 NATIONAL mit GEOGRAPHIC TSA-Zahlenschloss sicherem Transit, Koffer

* * *

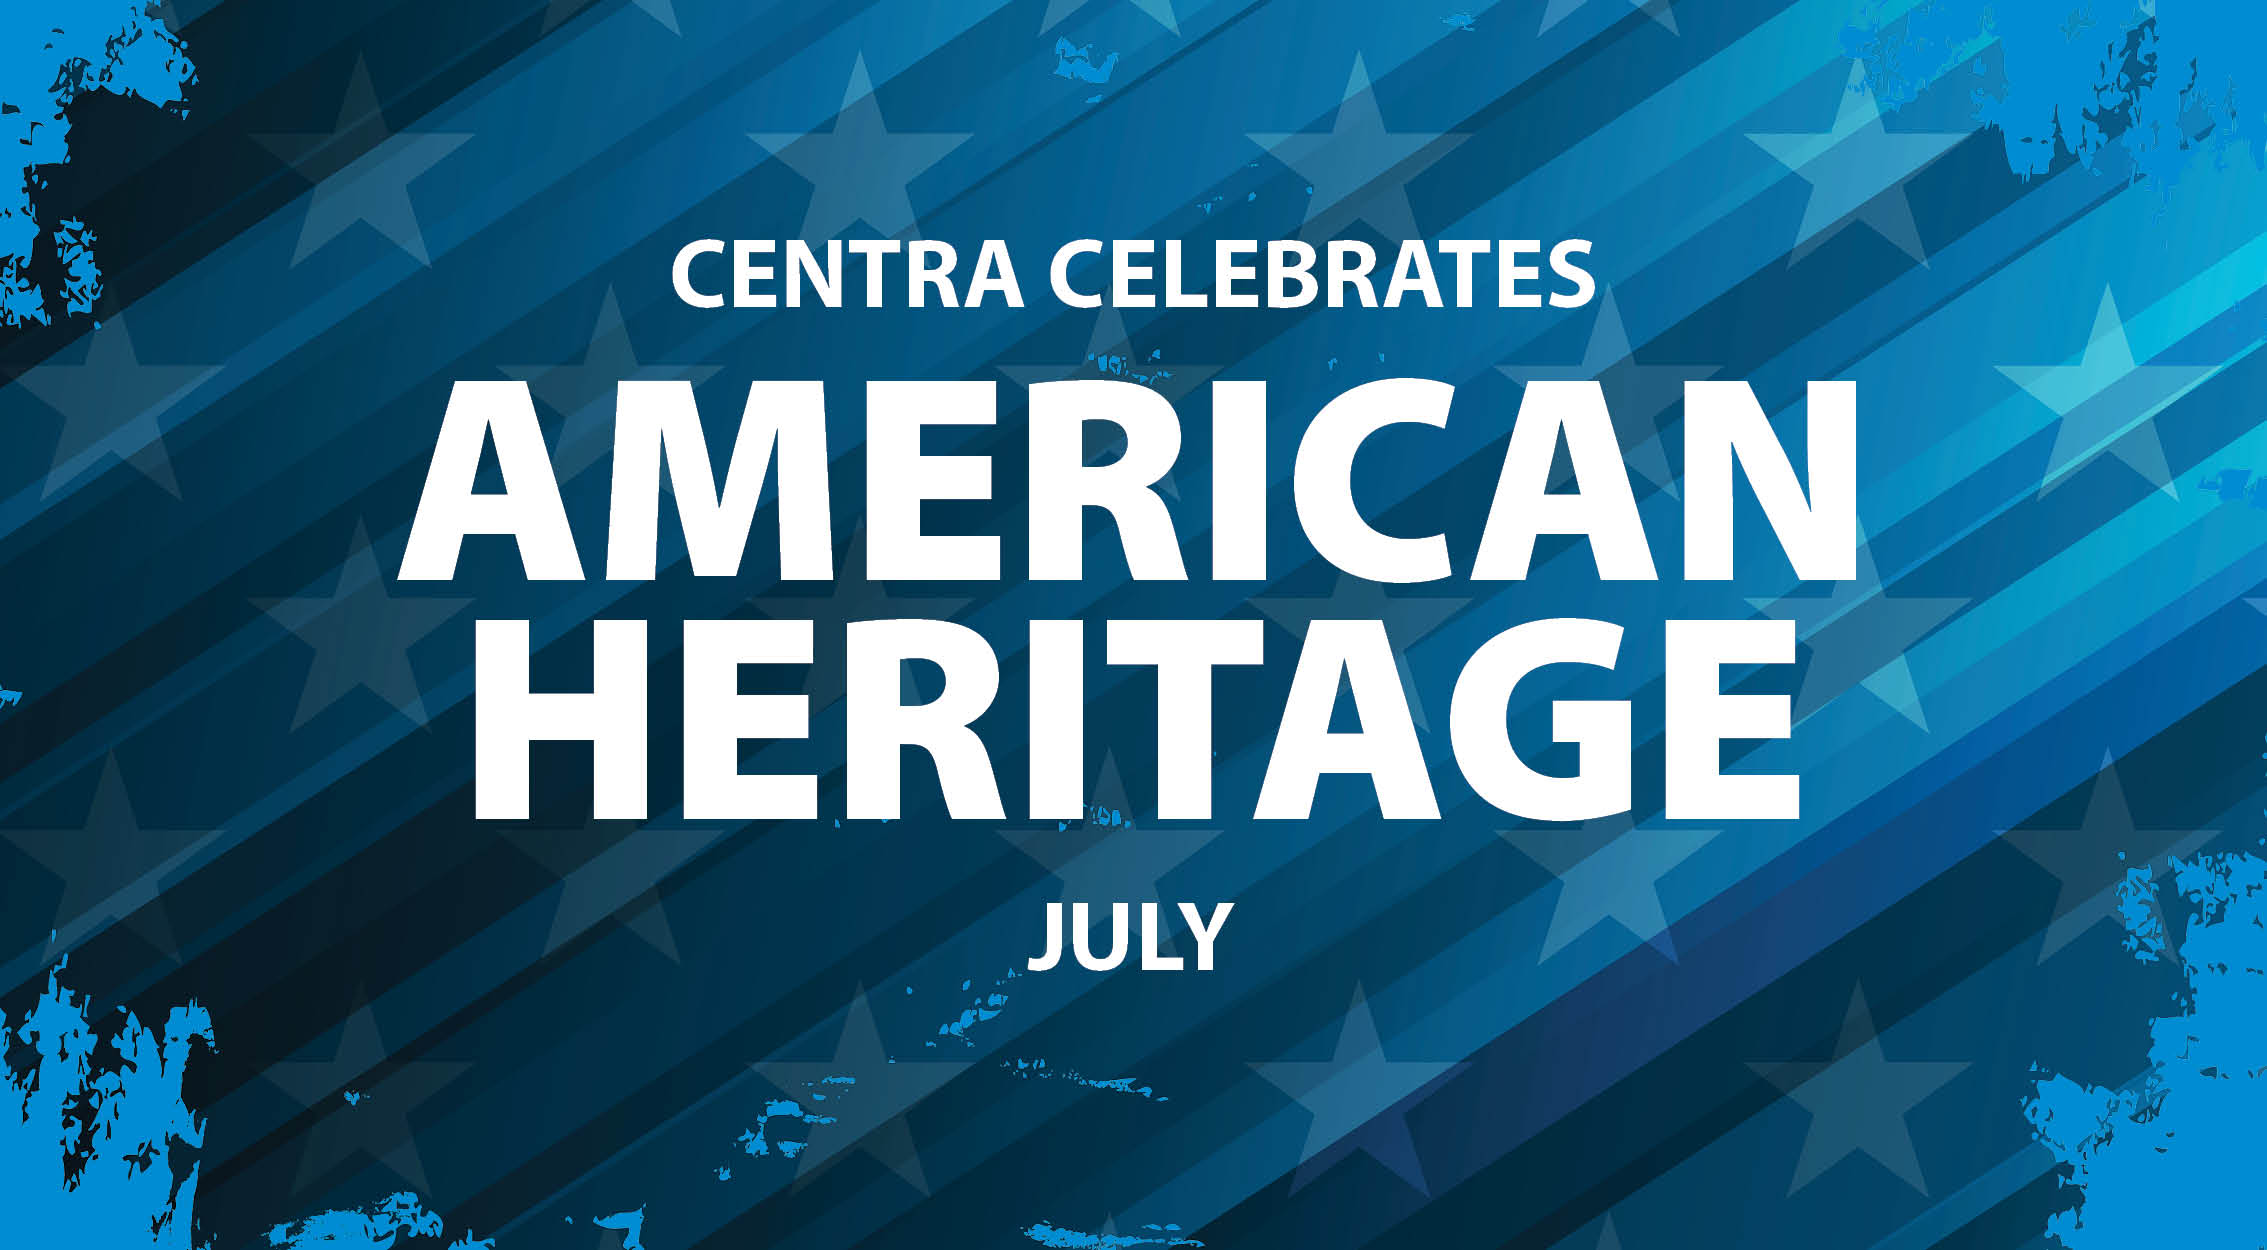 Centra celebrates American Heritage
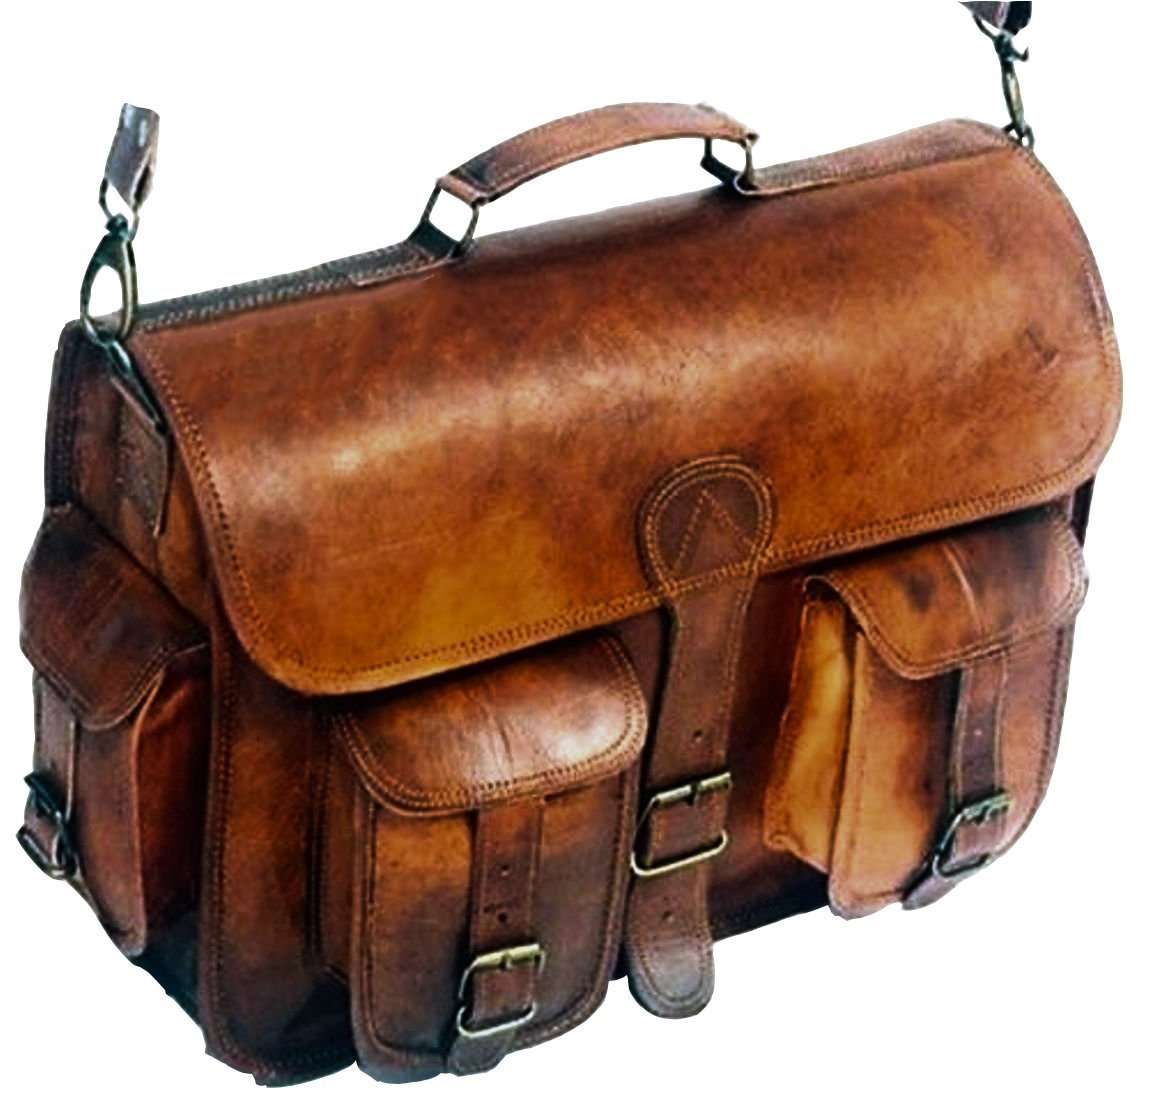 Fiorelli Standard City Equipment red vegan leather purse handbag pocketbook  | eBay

==

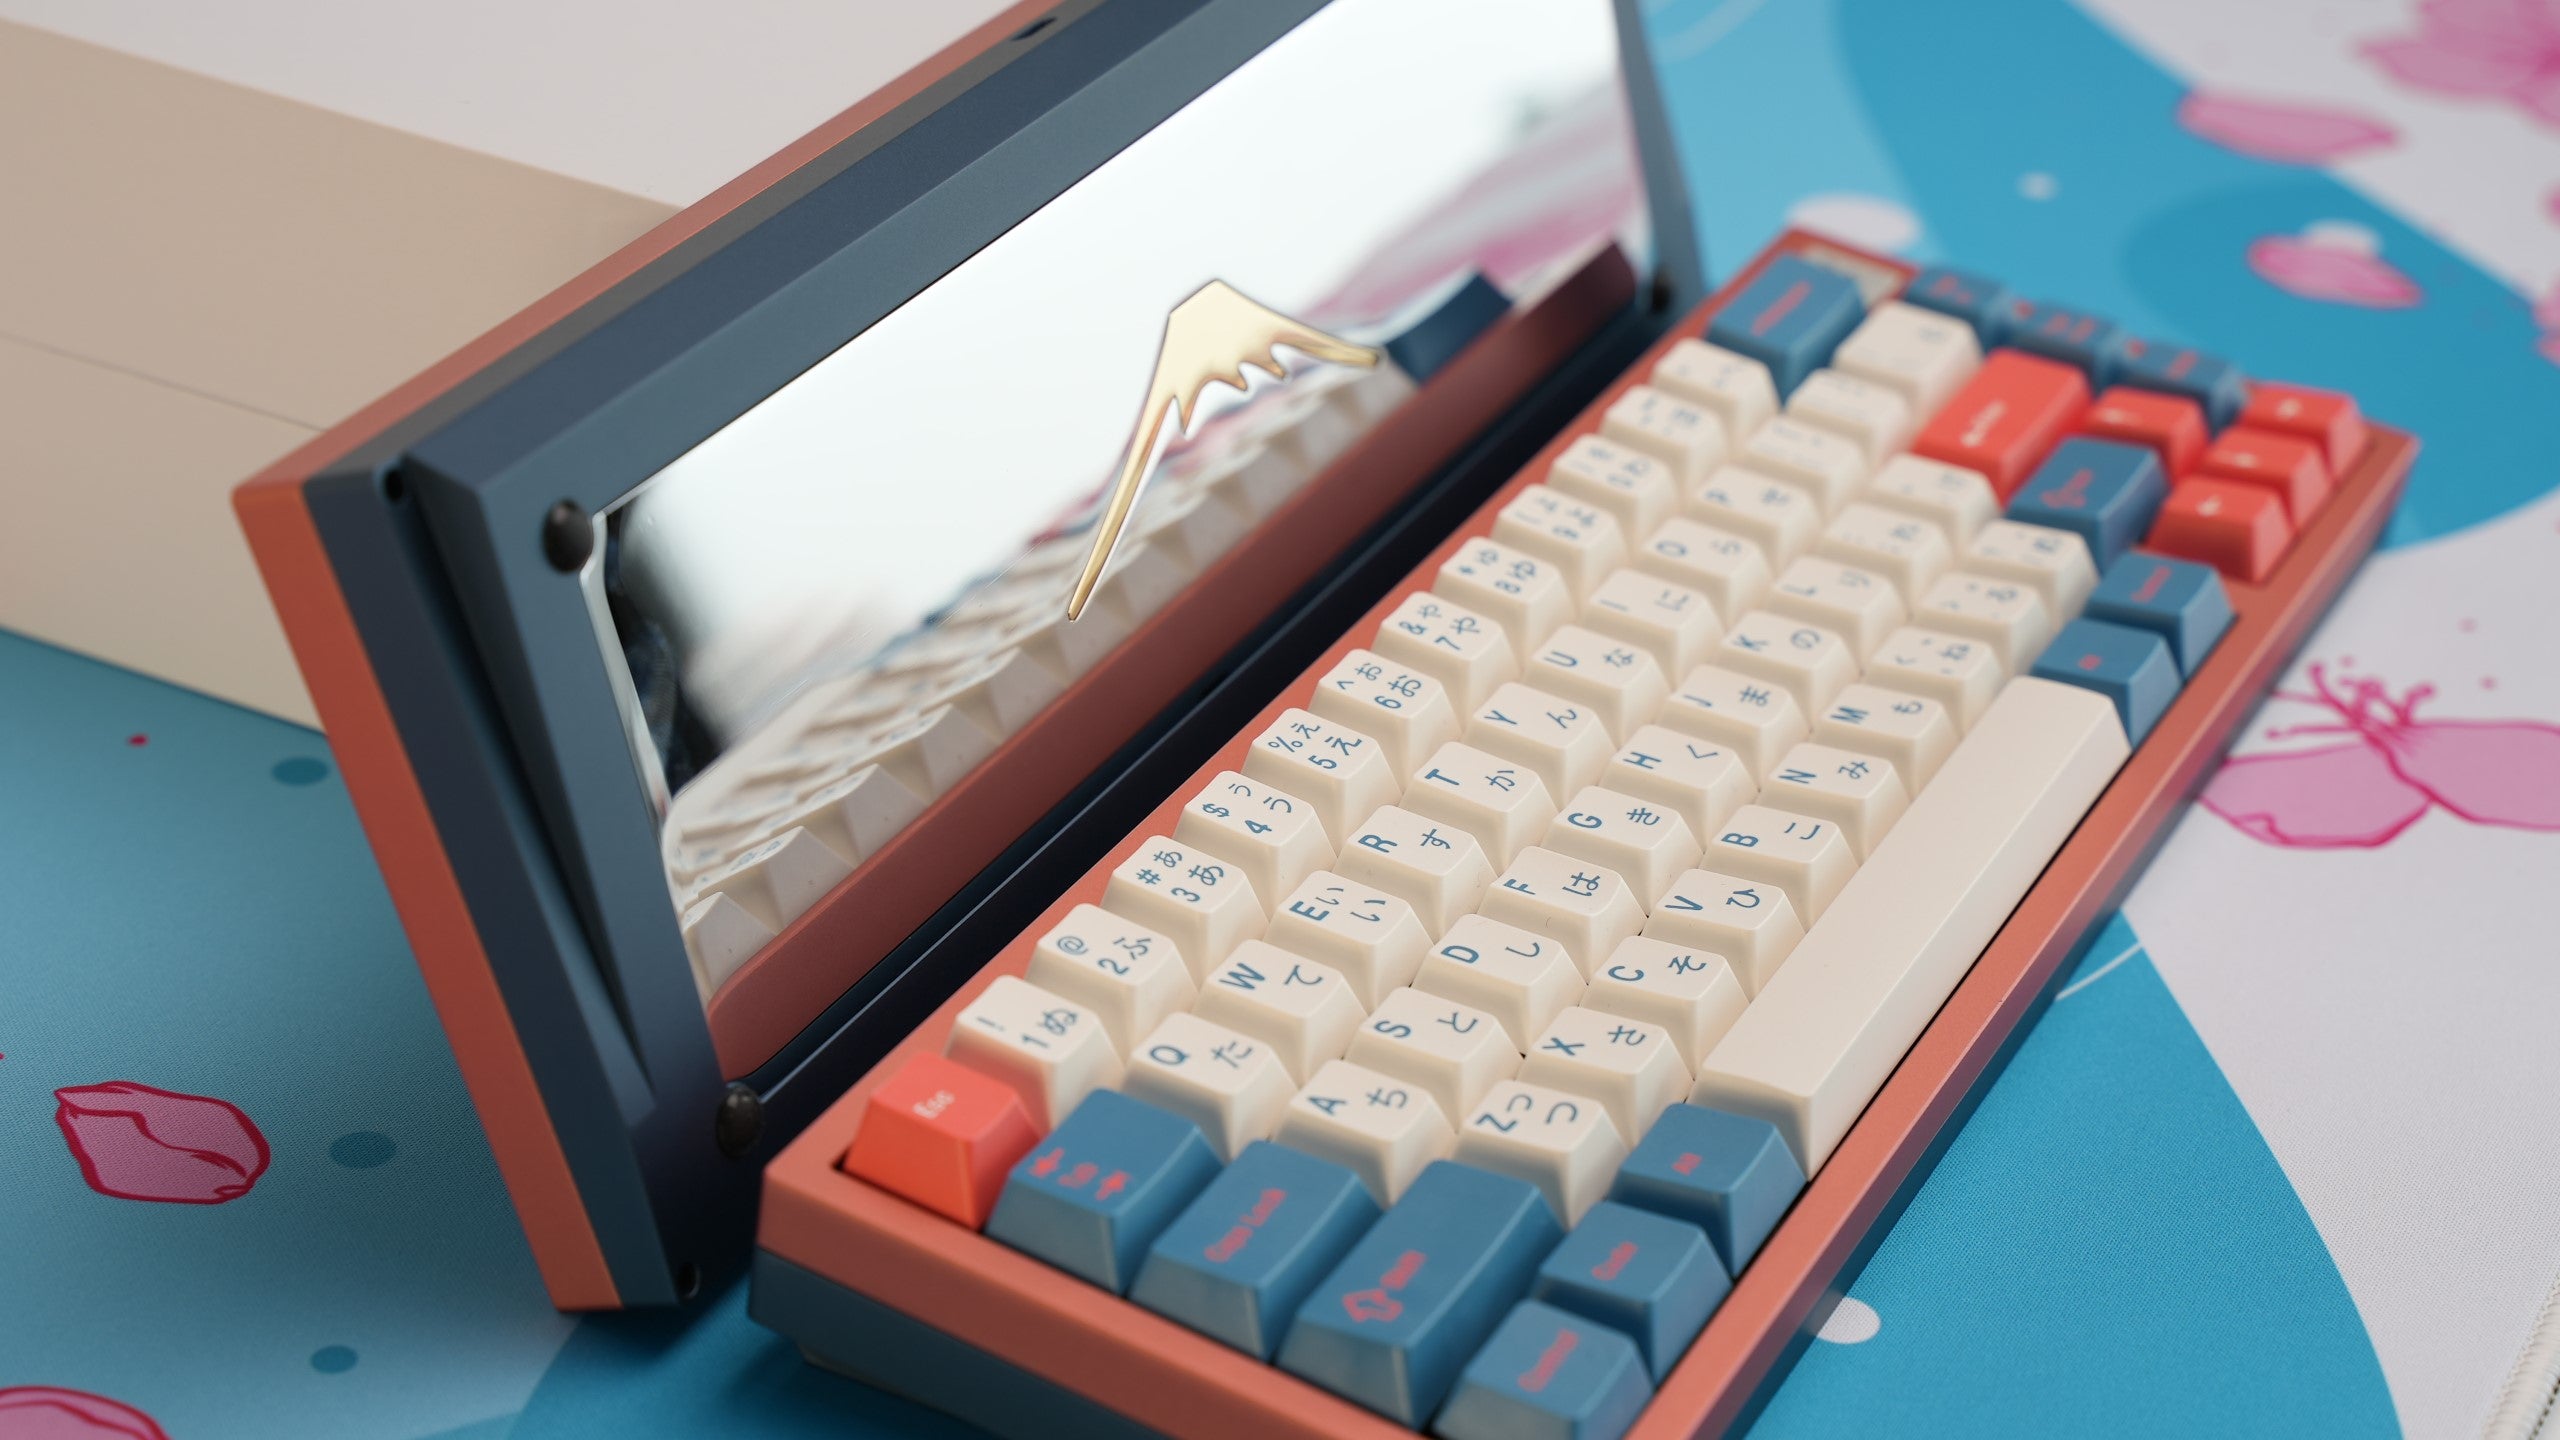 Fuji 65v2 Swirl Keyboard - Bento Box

WHAT THE TASK REQUIRES.
All lines above from the one containing "Centra celebrates American Heritage" up to and including the one containing "Fiorelli Standard City" are to be set down exactly, and nothing else. Leave images out.

RESULT OF THIS TASK.
 Centra celebrates American Heritage
 Fiorelli Standard City Equipment red vegan leather purse handbag pocketbook  | eBay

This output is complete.